Une réunion consacrée aux zones humides a été organisée à Tunis, par le ministère de l’Environnement et du Développement durable et le Fonds mondial pour la nature (WWF) en Afrique du Nord.
Elle a permis de débattre des moyens de sensibilisation à la protection de l’environnement en général et surtout à la préservation de ces écosystèmes devenus de plus en plus vulnérables en Tunisie, bien qu’ils soient «vitaux» et «indispensables» pour l’homme et la nature.
Plusieurs intervenants ont évoqué la nécessité de cibler les jeunes générations et aussi les adultes, à travers des « contenus intelligents » et des supports adaptés à la conjoncture actuelle de la digitalisation et de l’innovation, indique TAP. Des pratiques ancestrales pourraient être repensées et revisitées pour sauvegarder et améliorer la gestion des ressources en eau, dont par exemple, les « Majels » (réservoirs et citernes) et les « Foskias » (fontaines)
En ce qui concerne les zones humides, des démarches ont été proposées pour « responsabiliser » et sensibiliser les populations vivant à leur proximité, en leur offrant des alternatives telles que des « emplois verts » pour ne pas porter atteinte aux richesses que recèlent ces zones.
Lors de cette réunion, l’experte en ressources en eau et changements climatique, Raoudha Gafrej, a jugé nécessaire de travailler dans une optique « de respect de la vie et du vivant » en général et aussi celle « du respect des droits de l’homme », pour réussir à ancrer le respect de la nature et l’environnement et partant protéger les sites de grande importance comme les zones humides et les sols.
Il faut mettre l’eau au cœur de toutes les stratégies, y compris celles relatives aux zones humides, car les écosystèmes ont besoin aussi, pour durer, de 30% des ressources en eau renouvelable a t-elle souligné, indiquant qu’en protégeant ces écosystèmes et aussi le sol, «nous protégeons des réservoirs d’eau et des mécanismes qui stockent plus d’eau que les barrages».
Pour des « politiques intégrées »
L’experte a par ailleurs, rappelé que la FAO a intégré l’indicateur « besoin des écosystèmes en eau » dans ses Objectifs de Développement Durable (ODD) et à son indicateur « ODD6 » concernant le « niveau de stress hydrique: prélèvements d’eau douce en proportion des ressources en eau douce disponibles».
En fonction de cette directive, les pays doivent mettre en œuvre des actions concrètes afin de développer des politiques intégrées de développement susceptibles de réconcilier les besoins en eau respectifs de l’agriculture et des écosystèmes.
Gafrej a encore, recommandé d’améliorer l’efficacité de l’utilisation de l’eau pour la production alimentaire et la sauvegarde des écosystèmes naturels.
Membre depuis 1981 de la Convention Ramsar, traité international visant la conservation et l’utilisation durable des zones humides, la Tunisie compte environ 950 zones humides (y compris les barrages) dont 42 sont d’une importance internationale (Ramsar).

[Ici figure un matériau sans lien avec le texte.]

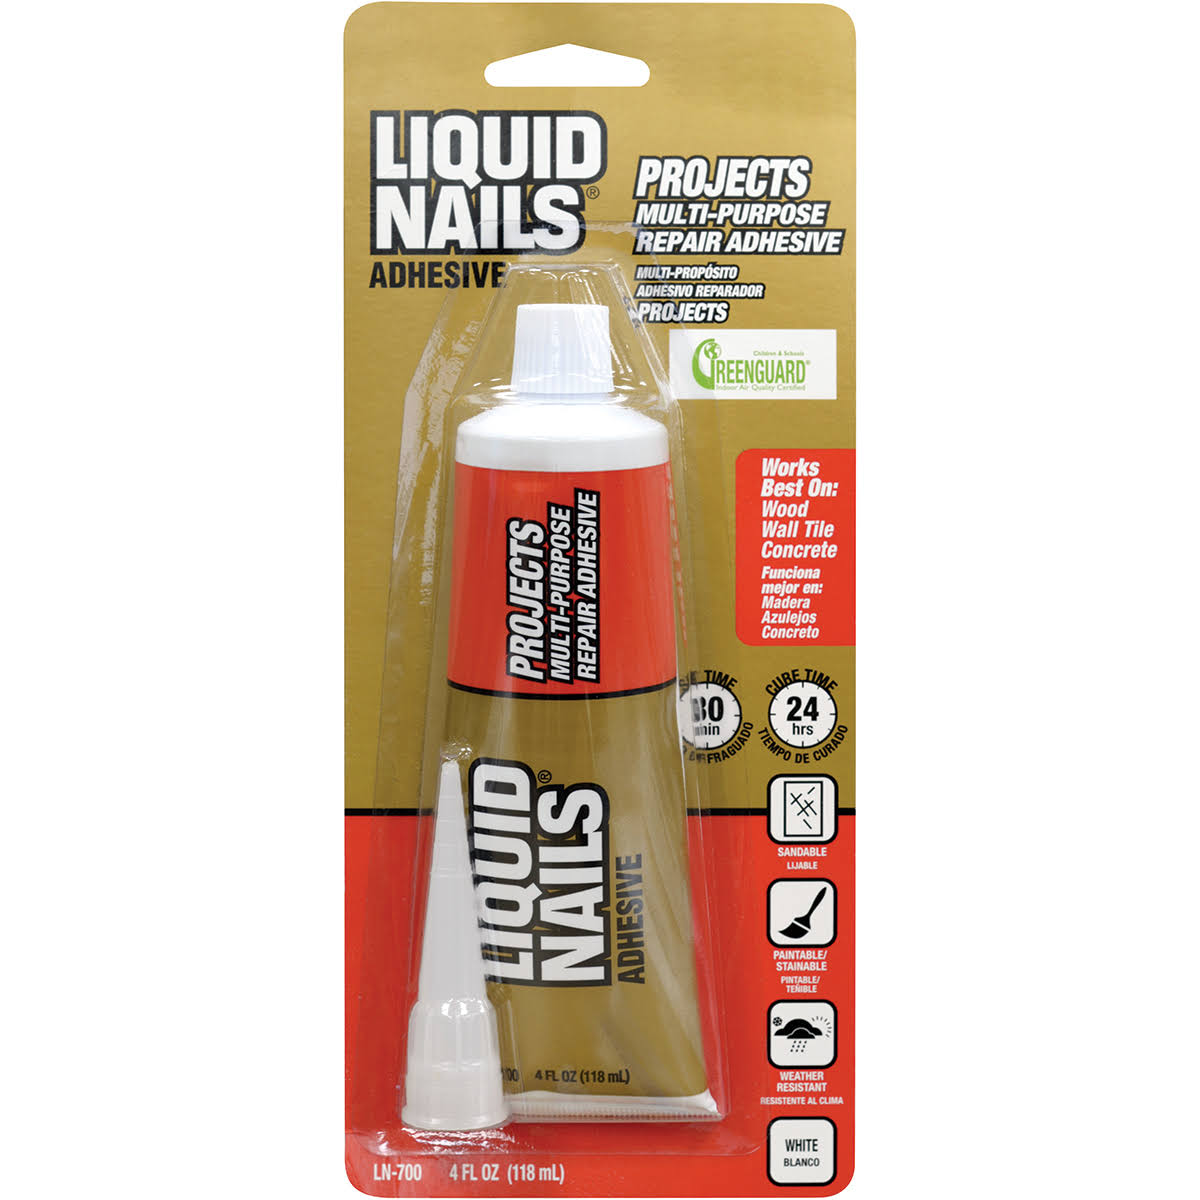 Liquid Nails Small Projects Adhesive
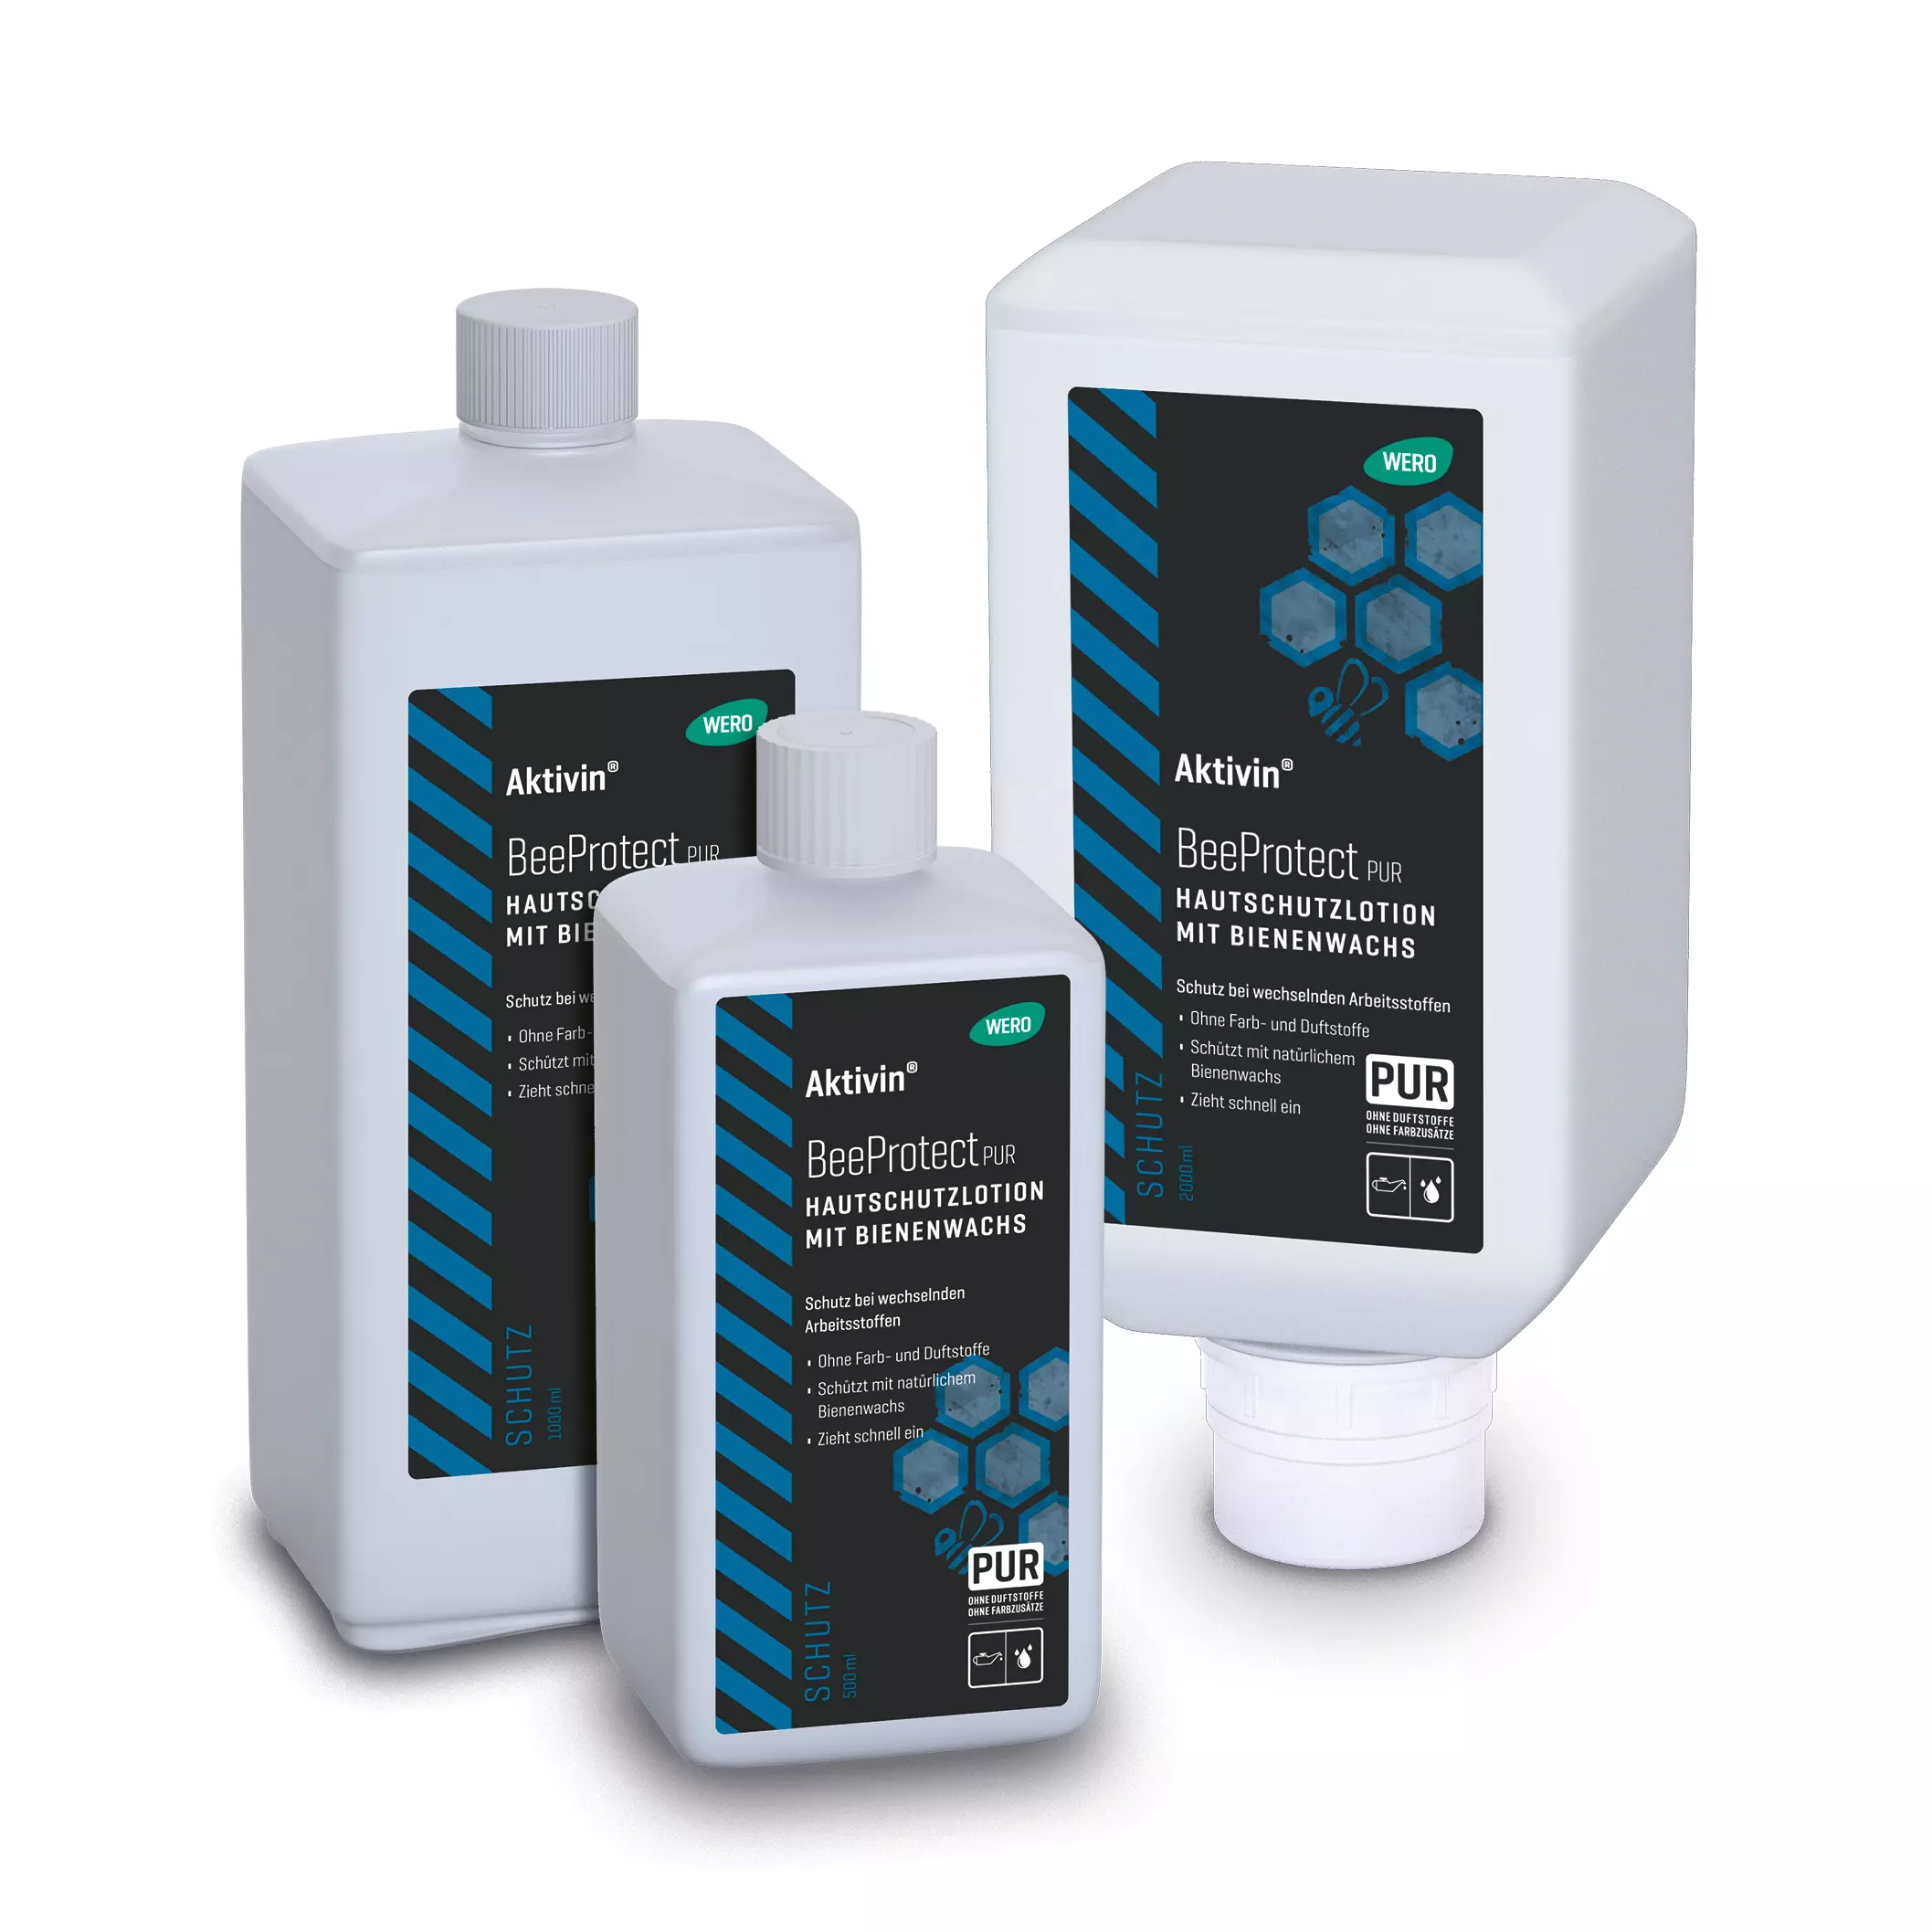 Hautschutzlotion Aktivin® BeeProtect PUR - Euroflasche, 500 ml

Ces zones abritent une riche biodiversité et accueillent annuellement, près de 500 mille oiseaux.
Il convient de signaler que la Tunisie recèle une importante richesse spécifique (407 espèces), caractérisée par un taux d’endémisme relativement élevé (8,7 %), un grand nombre d’espèces rares, menacées et endémiques (118 espèces, dont 102 très rares et rares) et une grande diversité.
Les espèces rares menacées de disparition
Une étude menée par un groupes de chercheurs tunisiens met clairement en évidence la menace de disparition à court terme qui concerne la grande majorité des espèces rares des zones humides tunisiennes. Ce sont en effet très souvent des espèces à répartition morcelée et/ou réduite, et qui occupent des milieux extrêmement fragiles et fortement perturbés par les activités humaines (urbanisation, drainage, agriculture, pollution…).
Cette étude constitue une base pour d’autres plus ciblées portant sur le fonctionnement et la diversité des zones humides. Il apparaît nécessaire et urgent de poursuivre le travail initié depuis 3 ans, en conduisant des prospections systématiques des zones humides de la Tunisie à différentes périodes de l’année et sur plusieurs cycles annuels successifs, de mener en parallèle des études d’écologie fonctionnelle dans le but de mieux comprendre les processus et les déterminismes de la répartition de ces communautés à forte valeur patrimoniale, et de proposer sur ces bases des éléments concrets en vue de la conservation et de la gestion durable des zones humides de Tunisie.